La CFDT a pris connaissance d’une circulaire modifiant le cadre des rémunérations comme seule proposition formulée à l’issue d’un groupe de travail dont l’objet était d’aborder les différentes facettes liées au problématique de la formation par des formateurs internes de l’établissement. La gouvernance a rejeté d’un bloc les différentes propositions formulées par la CFDT.
Car la CFDT a formulé d’autres propositions (à télécharger ici) qui s’appuie s’appuie aussi sur le résultat de son enquête flash (à lire ici).
La CFDT regrette que ni les élus de l’administration (liste Alternative), ni les autres syndicats ne sont opposés à cette proposition. Grâce au vote contre de la CFDT, l’avis du CSA a la proposition de l’employeur a été rejeté (vote contre CFDT 4 voix et abstention de la FSU (3), de Fo (2) et de l’Unsa (1). Il revient maintenant à la direction de l’université à proposer une nouvelle circulaire ou à passer en force.
Le point sur ….
Quitter la fonction publique via la rupture conventionnelle, un dispositif pérennisé
La loi de Finances pour 2026 a pérennisé la rupture conventionnelle. Elle est désormais possible pour les fonctionnaires titulaires et les contractuels en CDI. Elle ne s’applique néanmoins pas aux fonctionnaires stagiaires ; aux fonctionnaires ayant atteint l’âge minimum de départ à la retraite et ayant le nombre de trimestres exigé pour avoir droit à une retraite à taux plein ; aux fonctionnaires détachés en qualité d’agent contractuel.
La fonction publique s’aligne en partie sur le secteur privé.
La rupture conventionnelle est entrée en application en France au 1er août 2008. Avant 2008, il y avait deux possibilités de quitter une entreprise : le licenciement ou la démission. La rupture conventionnelle est devenue une troisième voie très utilisée pour rompre un contrat à durée indéterminée (CDI) dans le secteur privé. Dans la fonction publique, elle avait été introduite à titre expérimental du 1er janvier 2020 au 31 décembre 2025, par la loi n°2019-828 du 6 août 2019 de transformation de la fonction publique.
La rupture conventionnelle est une possibilité mais pas un droit
La rupture conventionnelle permet à un agent et son administration employeur de convenir ensemble des modalités qui mettent fin à la relation de travail. Elle peut être engagée à l’initiative de l’agent ou à l’initiative de l’administration employeur. Elle ouvre droit pour l’agent à une indemnité spécifique de rupture, dont le montant dépend : de la rémunération brute annuelle perçue au cours de l’année civile précédant l’année de la rupture conventionnelle et de l’ancienneté. Le fonctionnaire qui aura perçu une telle indemnité devra la rembourser s’il est recruté dans les six années qui suivent au sein de l’administration avec laquelle il a conclu la rupture conventionnelle. Celle-ci donne par ailleurs droit à l’indemnisation chômage.

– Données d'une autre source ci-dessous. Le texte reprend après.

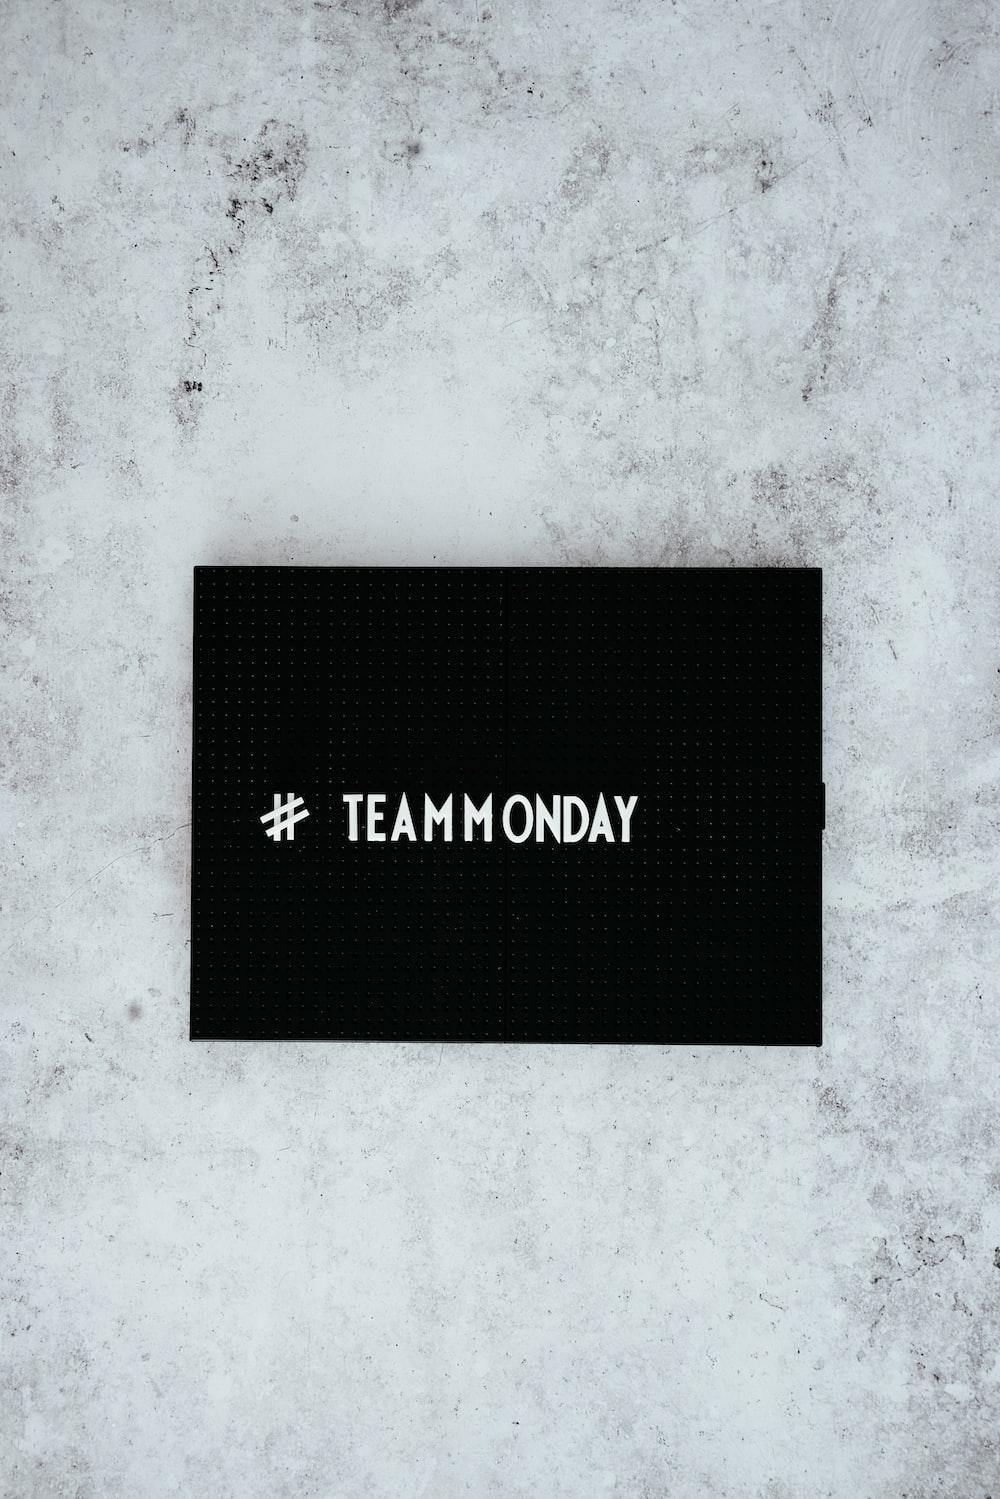 #team monday text overlay on black background

Dans toutes ces démarches, la CFDT vous accompagne, notamment en vous conseillant et en vous accompagnant lors des entretiens avec l’employeur.

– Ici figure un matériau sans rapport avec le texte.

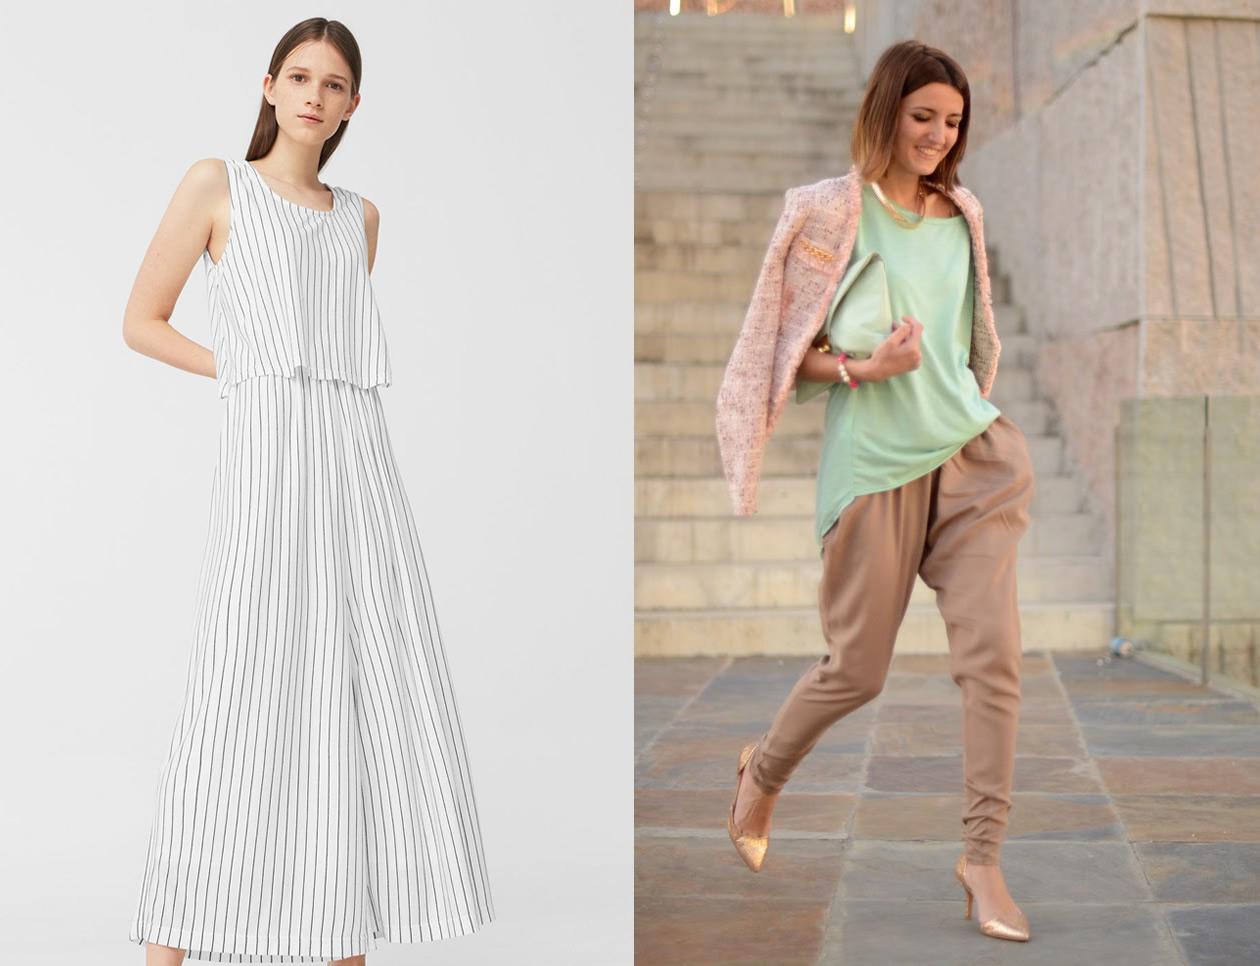 wearing pants to a wedding - Wedding Decor Ideas

La CFDT considère qu’un divorce à l’amiable est préférable à un mariage forcé.
Nombreux sont les agents publics qui souhaitaient la pérennisation de la rupture conventionnelle. La CFDT préfère que les employeurs publics s’interrogent réellement sur les raisons de la popularité de la rupture conventionnelle, mais ne s’oppose pas à l’application de cette possibilité prévue aux articles L.552-1 à L.552-5 du code général de la fonction publique (CGFP).